Does Jesus say anything about procreation? No. He does, however, uplift eunuchs, who were despised because they could not procreate and because their bodies were altered.

We as humankind have progressed since the implication of marriage, understanding that marriage no longer serves as only a function of procreation/ preservation of life, but now is also used as a reflection of love and commitment.
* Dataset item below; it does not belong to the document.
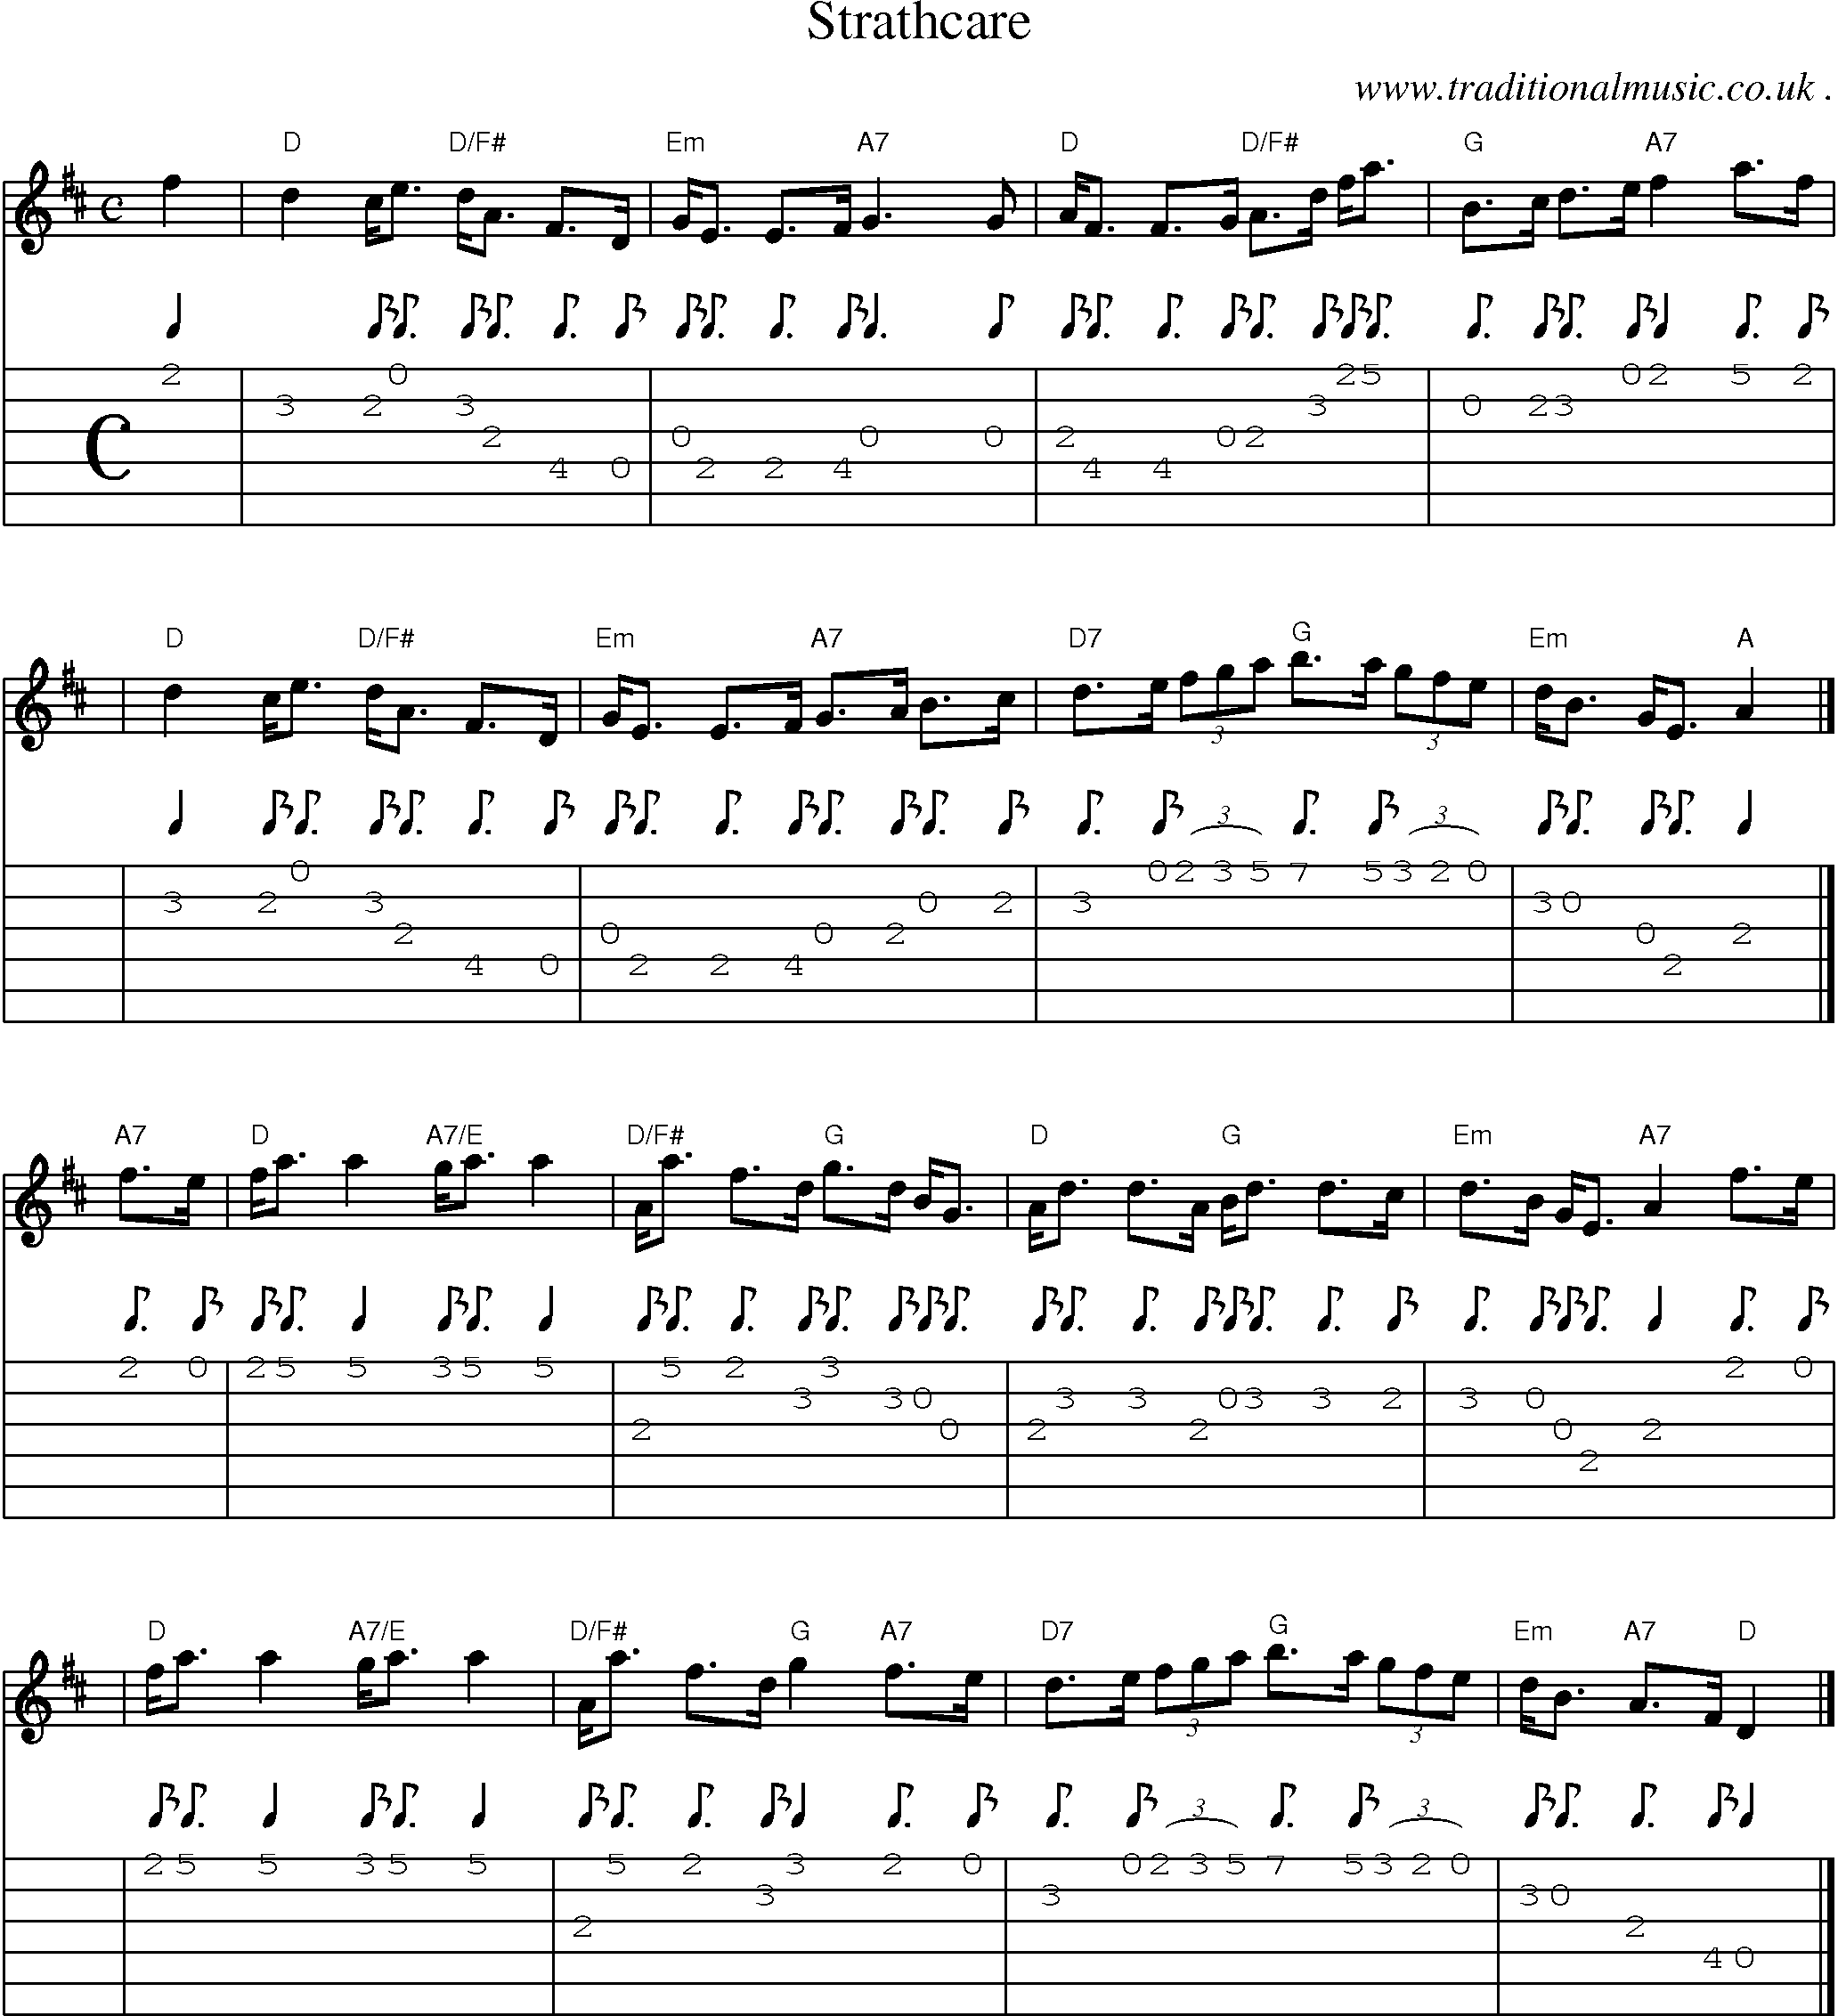 Sheet-music  score, Chords and Guitar Tabs for Strathcare

Many heterosexual couples marry only for love, only for commitment, only for procreation, or for any combination of the three. If you oppose a homosexual couple marrying for love or commitment because they cannot also procreate, then it stands to reason that you would similarly oppose heterosexuals who cannot procreate. This includes heterosexuals who choose not to have children, the marriage of heterosexuals who choose adoption-only, and the marriage of heterosexuals who are not able have biological children even if they wanted to (as with homosexual marriages). If procreation is the sole purpose of marriage, with love and commitment being secondary, then that restriction should be applied to all.
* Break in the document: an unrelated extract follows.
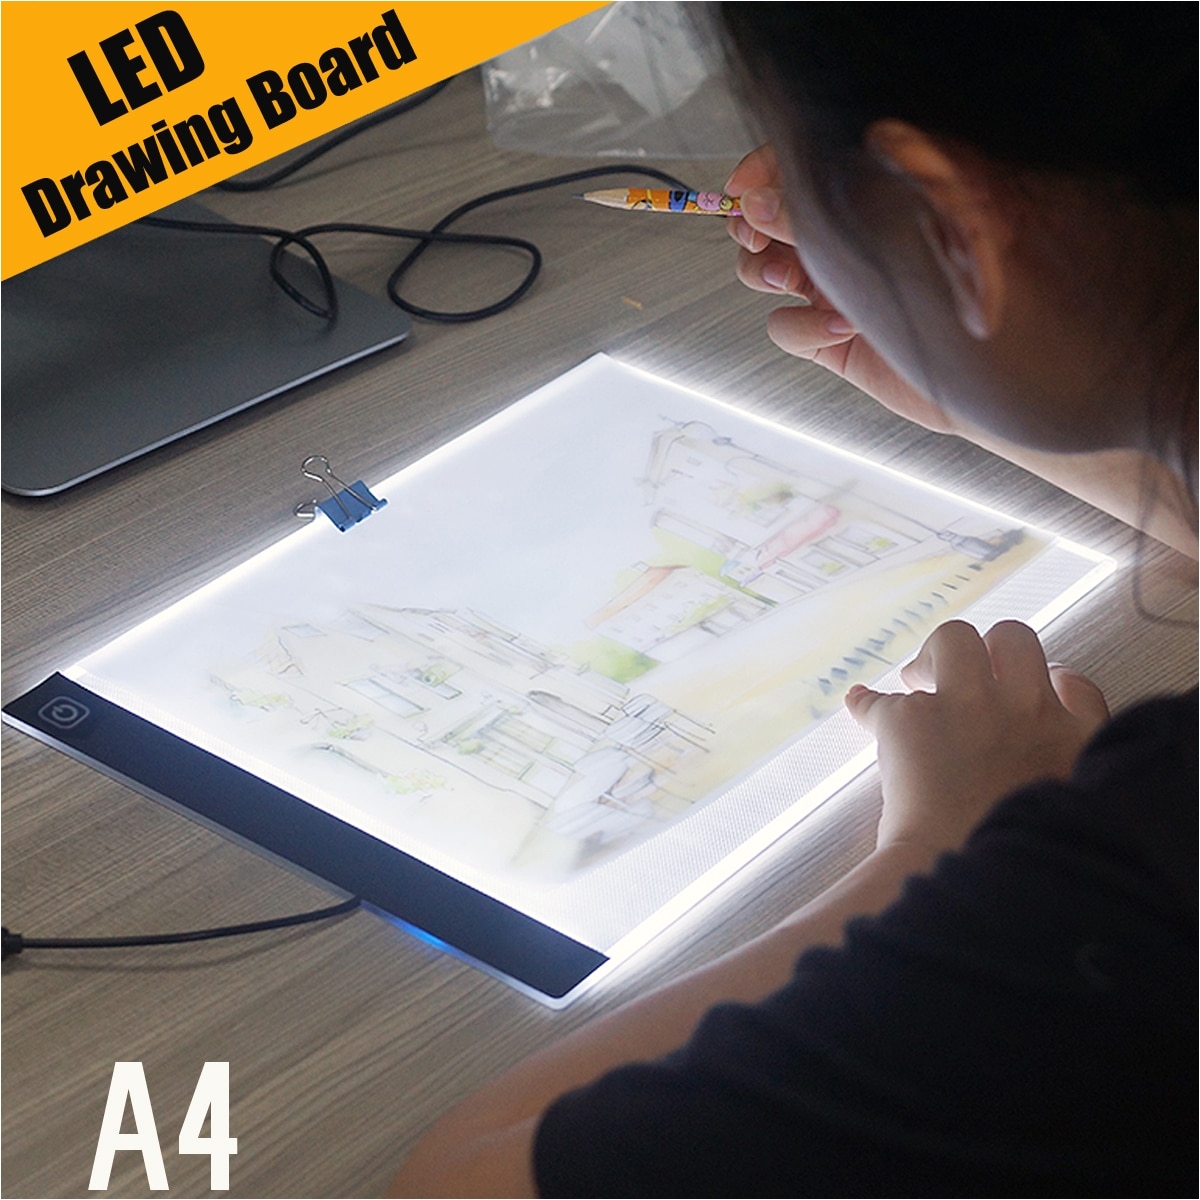 leory a4 led drawing tablet led graphic tablet writing painting light box art stencil art board

Argument: In Leviticus, the bible calls homosexuality an abomination, and those men should be put to death.

Response: A few things here. First of all, Christians widely believe that you can dismiss the laws of the Old Testament and Judaism as the “old way” to redemption, before Jesus came in the New Testament and changed the game- creating a “new way” to redemption, simply through him and his sacrifice on the cross. If that is to be believed, this verse is not applicable.

If you are going to apply this verse anyway, then remember that a few verses away from this one, eating pork is also called an abomination. If we were going to take this passage at its word, eating a ham sandwich and being gay are just as wrong.

Before you start to wonder about your salvation after this morning’s bacon and eggs, keep in mind that the Hebrew word translated “abomination” actually means “not customary” and implies a ritual breach rather than a moral one. Eating pork was not innately immoral for a Jew, but it was an abomination- because it was a violation of their holy rituals.

To just pick out one commandment to follow, stuck right in the middle of commandments telling you not to eat rabbits, plant two different seeds in the same hole or co-mingle your crops, or to wear linen and wool together, that’s selective reading.  Any Christian would tell you that the bible does not work this way.

Argument: God burned the cities of Sodom and Gomorrah because of homosexuality, and the same destruction will surely be upon our country for it as well (especially if we legalize gay marriage).

Response: Bible scholars, historians, pastors, and priests stress the importance of context when interpreting the bible. These stories have been widely taken out of historical context and mis-translated when used to make this argument.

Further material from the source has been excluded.